Dr. Cheryl Wellington, DMCBH member and Professor and Vice-Chair of Research in the Department of Pathology and Laboratory Medicine, and her lab have created UBC’s Neurology Fluid Biomarker Network. The network’s vision is to expand into a distributed core facility for neurology fluid biomarkers to develop, validate and implement tests that improve the diagnosis, prognosis and management of neurological disorders.
Increasing the use of fluid biomarkers will enable early detection of neurodegeneration, improve risk stratification, and increase equitable neurology care for diverse patients (particularly rural and remote) whose access to neuroimaging or invasive neuromonitoring resources may be limited.
Recently, the Wellington lab published two papers that are focused on creating reference intervals (RIs) for blood-based neurology biomarkers.
“Our research will form the basis of improving methods to interpret fluid biomarker results in populations spanning neurotrauma and neurodegeneration,” says Jennifer Cooper, PhD Candidate in the Wellington Laboratory. “In both publications, we have defined normative ranges for biomarkers using large population-based samples, giving us a robust comparison group to use as a benchmark for defining normal and abnormal values in future studies.”

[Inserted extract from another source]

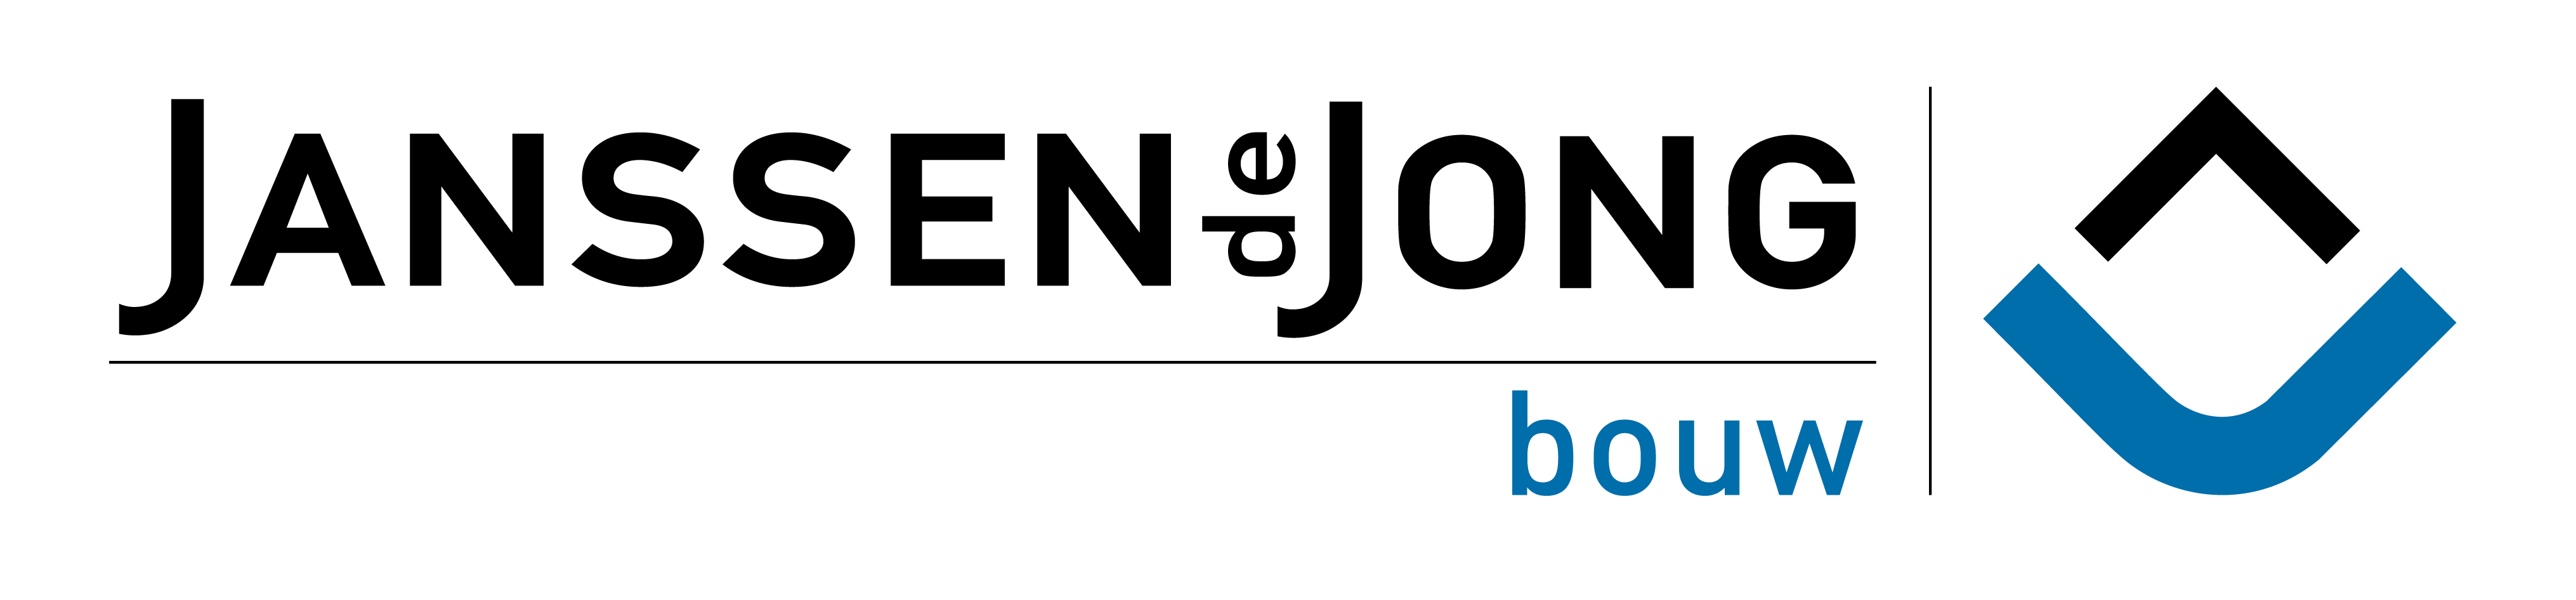 Janssen de Jong Bouw
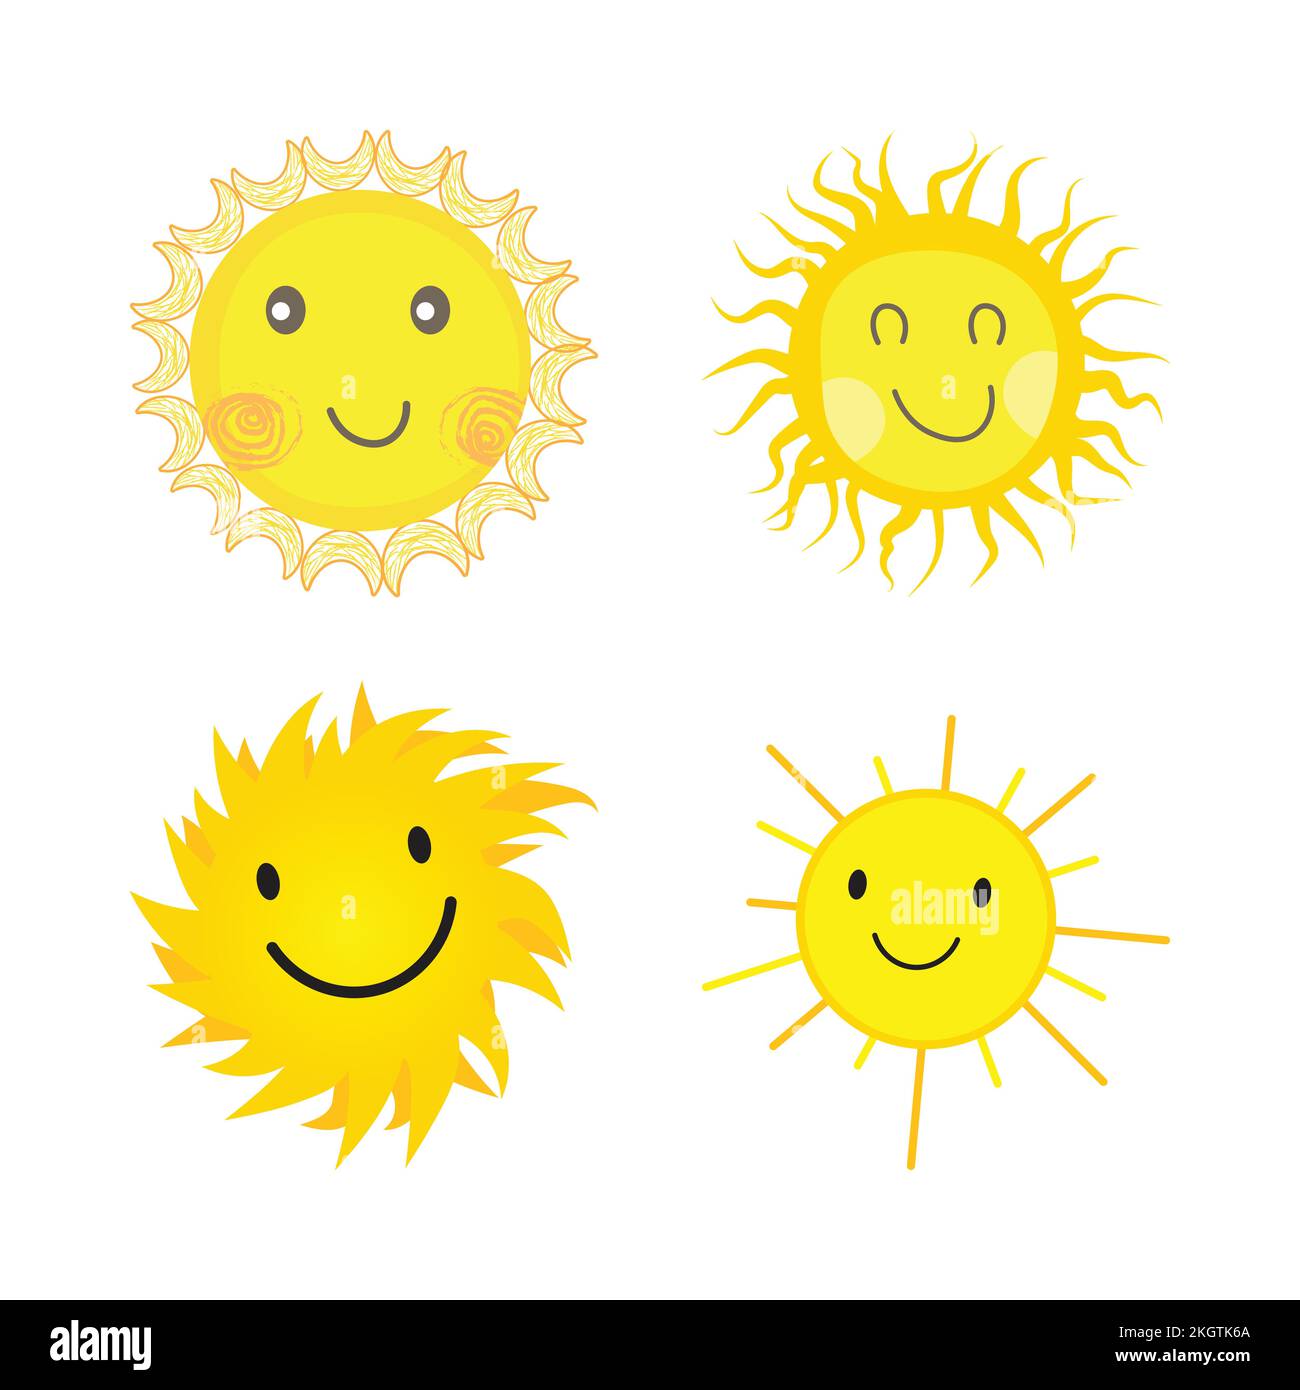 Yellow cartoon star smiling face -Fotos und -Bildmaterial in hoher  Auflösung - Seite 2 - Alamy

The first publication is led by Research Associate and Director of the Fluid Biomarker Facility Dr. Sophie Stukas, creating reference intervals in the pediatric age range for two biomarkers – serum neurofilament light (NfL) and glial fibrillary acidic protein (GFAP). The paper was published in Clinical Chemistry and Laboratory Medicine (CCLM).
Establishing normative data is a critical benchmark in the analytical validation process, especially in children, as little is known about how brain development may impact potential biomarkers. The study found NfL and GFAP displayed high levels in infants that decreased during childhood. These normative data are expected to inform future pediatric studies on the importance of age on neurological blood biomarkers.
The second publication led by Jennifer Cooper, used a large Canadian population-based cohort to create reference intervals for ages 3 to 79 for four plasma protein biomarkers – plasma amyloid beta 42/40 (Aβ42/40), phosphorylated tau-181 (p-tau-181), NfL, and GFAP. This paper was published in the Clinical Biochemistry journal.
This study replicated the findings of the first, showing similar trajectories in pediatrics. It then expanded on these findings to show that U-shaped curves occurred across the lifespan with the decrease in young children leading to a plateau during adolescence and early adulthood, followed by increasing levels in older adults. These dynamic changes observed across the lifespan point to the need to take age into account when interpreting these biomarker concentrations.
Collectively, these data indicate that the use of age specific RIs can improve the precision of interpreting neurological plasma biomarker levels, especially in pediatric and older populations where normative biomarker levels can change more rapidly.